Only two other candidates, Sen. Cory BookerCory Anthony BookerRepublicans wrestle with impeachment strategy O'Rourke campaign says path to victory hinges on top 5 finishes in Iowa, Nevada O'Rourke raises .5 million in third quarter MORE and South Bend, Ind., Mayor Pete ButtigiegPeter (Pete) Paul ButtigiegTrump hits Fox News's Chris Wallace over Ukraine coverage Sanders can gain ground by zeroing in on corruption Biden praises Buttigieg for criticizing GOP attacks: 'That's a good man' MORE, have publicly announced their third-quarter fundraising totals. Booker’s campaign said he raised more than $6 million over the past three months, while Buttigieg raked in $19.1 million in the same time frame.
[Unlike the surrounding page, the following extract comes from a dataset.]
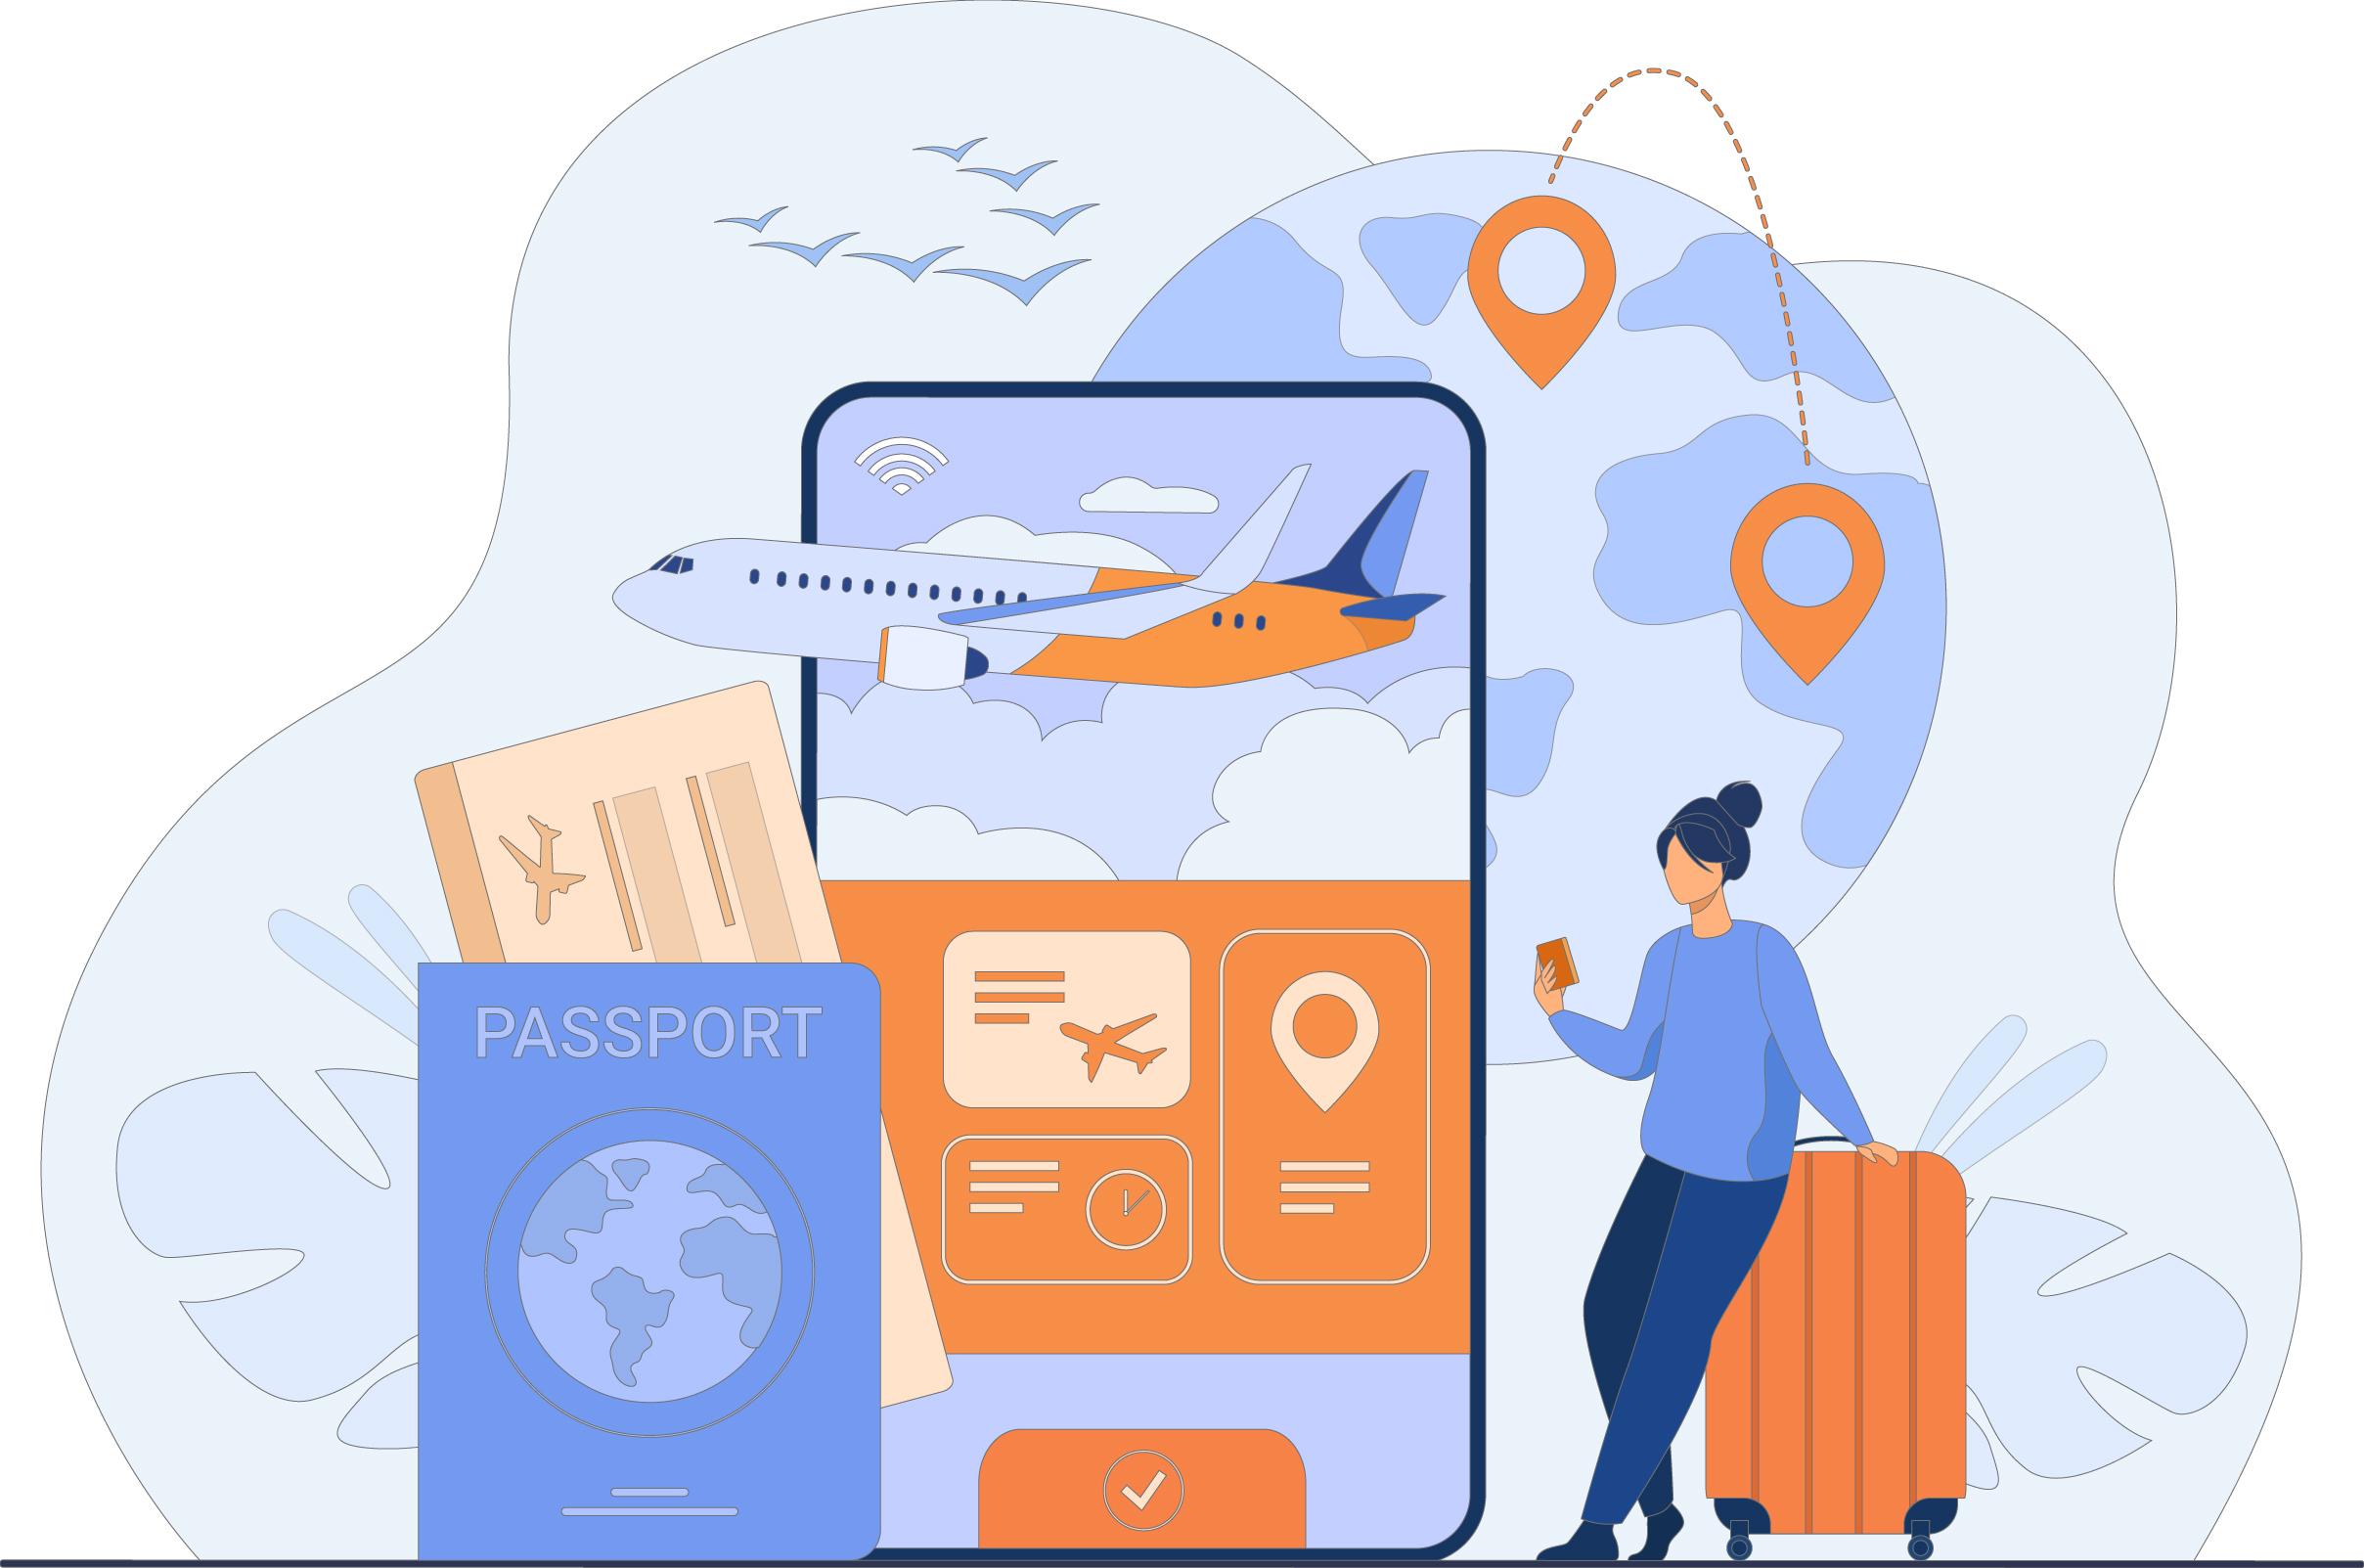 أنت الرابح دوماً مع خدمات حجز الطيران من سفرك السياحية!

Sanders’s fundraising announcement and the subsequent ad rollout suggest that he’s looking to quash the narrative that his campaign is in decline. 

Several recent polls have shown his support slipping nationally and in critical early primary and caucus states. Meanwhile, campaign shake-ups in Iowa and New Hampshire, the first two states to vote in the presidential nominating contest, have fueled speculation of internal turmoil. 

Indeed, Sanders’s foray into paid television advertising is coming earlier this cycle than it did during his first presidential bid, when he waited until November 2015 to go on the air. But unlike that cycle, when he cast himself as a progressive foil to the eventual Democratic nominee Hillary ClintonHillary Diane Rodham ClintonVideo of fake Trump shooting members of media shown at his Miami resort: report Ronan Farrow exposes how the media protect the powerful Kamala Harris to Trump Jr.: 'You wouldn't know a joke if one raised you' MORE, Sanders now faces several challenges, including a chief ideological rival in the form of Sen. Elizabeth WarrenElizabeth Ann WarrenSanders can gain ground by zeroing in on corruption Biden praises Buttigieg for criticizing GOP attacks: 'That's a good man' Warren enters crucial debate with big momentum MORE (D-Mass.).

The upcoming TV ad campaign in Iowa largely tacks with the themes of economic and social inequality that have been ubiquitous in Sanders’s campaign; it references his efforts to take on the financial services industry and pharmaceutical giants.

But it opens with a quote from Sanders, recalling how “living in a family that struggled economically powerfully influenced my life and my values.” The Vermont senator has addressed his upbringing and family life infrequently on the campaign trail, despite urgings by some allies, who have argued that he needs to do more to personalize his candidacy.